郭宝娟,王 慧,梁 军,杨晓帆,陈 培

(牡丹江医学院 1.基础医学院病理学与病理生理学教研室;2.基础医学院组织与胚胎学教研室;3.附属红旗医院康复科,黑龙江 牡丹江 157011)

帕金森病(Parkinson’s Disease,PD)是一种常见的成人发病的进行性神经退行性疾病,典型的病理表现为中脑黑质多巴胺能神经元的选择性丢失和α-突触核蛋白(α-synuclein)在路易体内聚集[1]。由于具有起病隐匿,误诊率高和无法治愈的特点,且目前未能做到早发现、早诊断和早治疗,现有的药物治疗仅能减轻临床症状,几乎不能有效阻止或延缓疾病进展,甚至长期用药会出现耐药性和不良反应[2]。所以寻求保护多巴胺能神经元或延缓疾病进程的药物迫在眉睫。
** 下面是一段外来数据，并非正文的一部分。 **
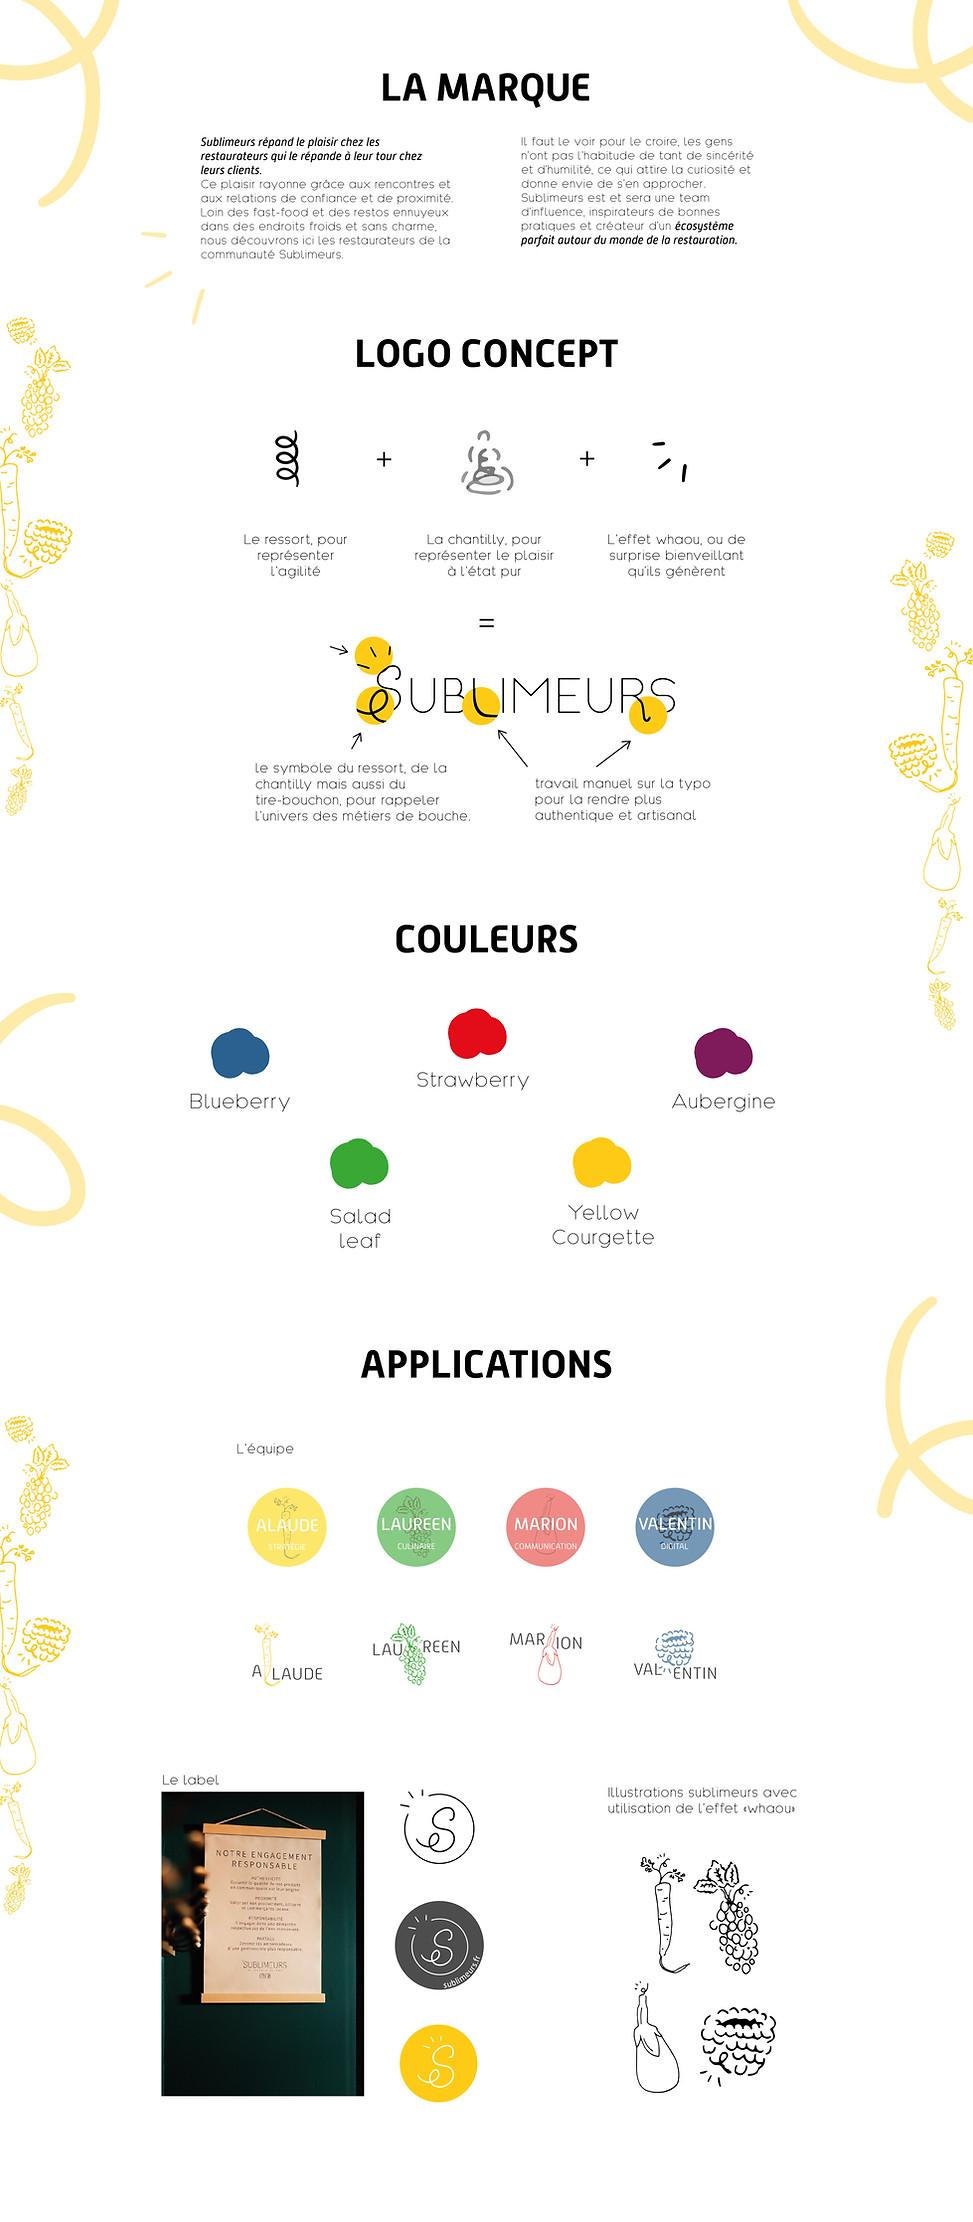 sublimeurs_logoconcept-02.jpg
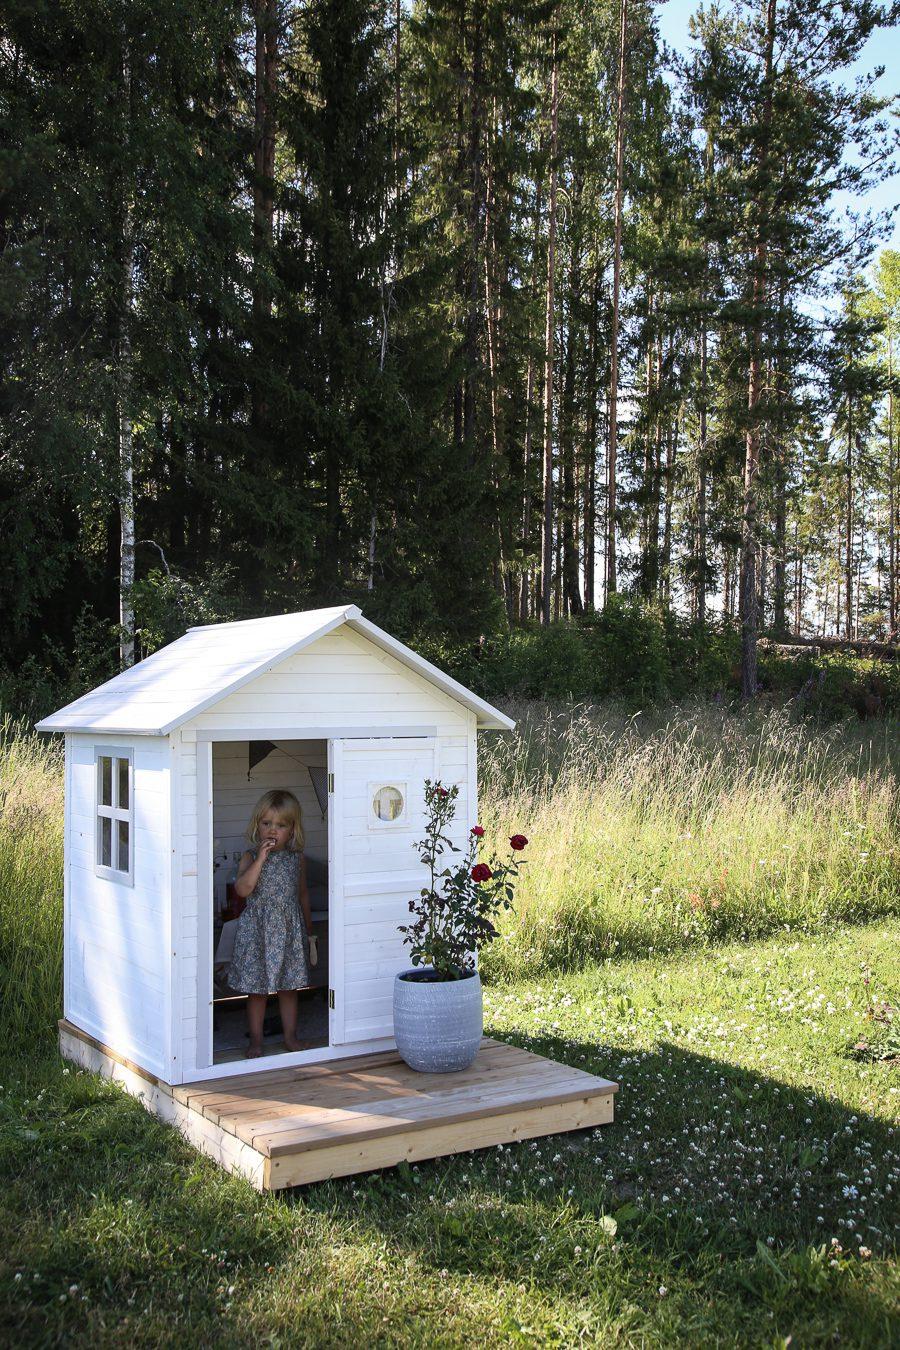 viktoria.holmgren.lovely.life.lekstuga.jollyroom.woodlii1

近年来研究发现,目前由我国自主研发且临床上广泛用于缺血性脑卒中治疗的药物——NBP,是一种从芹属种子中提取分离的化合物,已实验证明具有神经保护作用且对PD治疗有一定的积极作用[3],但药理作用的分子机制尚不明确。因此着手研究NBP保护作用的分子机制,可能发现防治PD的潜在靶点,对临床上PD的治疗具有重要指导意义。

1 材料与方法

1.1 细胞与试剂大鼠嗜铬细胞瘤细胞(上海酶研生物有限公司)、NBP(中国食品药品检定研究所,药物纯度>99.8%)、MPP+(美国阿拉丁公司)、ML385(美国MCE公司)、CCK-8试剂盒(北京普利莱公司)、Nrf2、α-syn及TH一抗(affinity生物公司)、GAPDH一抗(CST生物公司)。

1.2 主要仪器CO2恒温培养箱、-80 ℃冰箱、水浴恒温箱、4 ℃低温离心机、低温高速离心机、酶标仪、微量移液器、分析天平、倒置显微镜、蛋白电泳和转膜设备、凝胶成像系统。

1.3 实验方法

1.3.1 细胞培养 将PC12细胞置于RPMI-1640(含10%FBS,1%双抗)完全培养基培养,并放置于含5%CO2,37 ℃恒温培养箱内培育。每2～3 d替换新鲜培养液,保持细胞长势及活性良好,待密度达80%～90%时可进行传代及后续相关实验。

1.3.2 倒置显微镜观察各组细胞形态 采用前期实验中最适药物浓度处理细胞。control组:无血清培养基培养24 h;MPP+组:含1 mM MPP+无血清培养基培养24 h;MPP++ML385组:含5 μM ML385的1 mM MPP+无血清培养基培养24 h;NBP组:含20 μM NBP无血清培养基培养24 h;NBP+MPP+组:含1 mM MPP+无血清培养基培养24 h后,再用20 μM NBP培养4 h;MPP++NBP+ML385组:含1 mM MPP+无血清培养基培养24 h后,再用含5 μM ML385的20 μM NBP培养4 h。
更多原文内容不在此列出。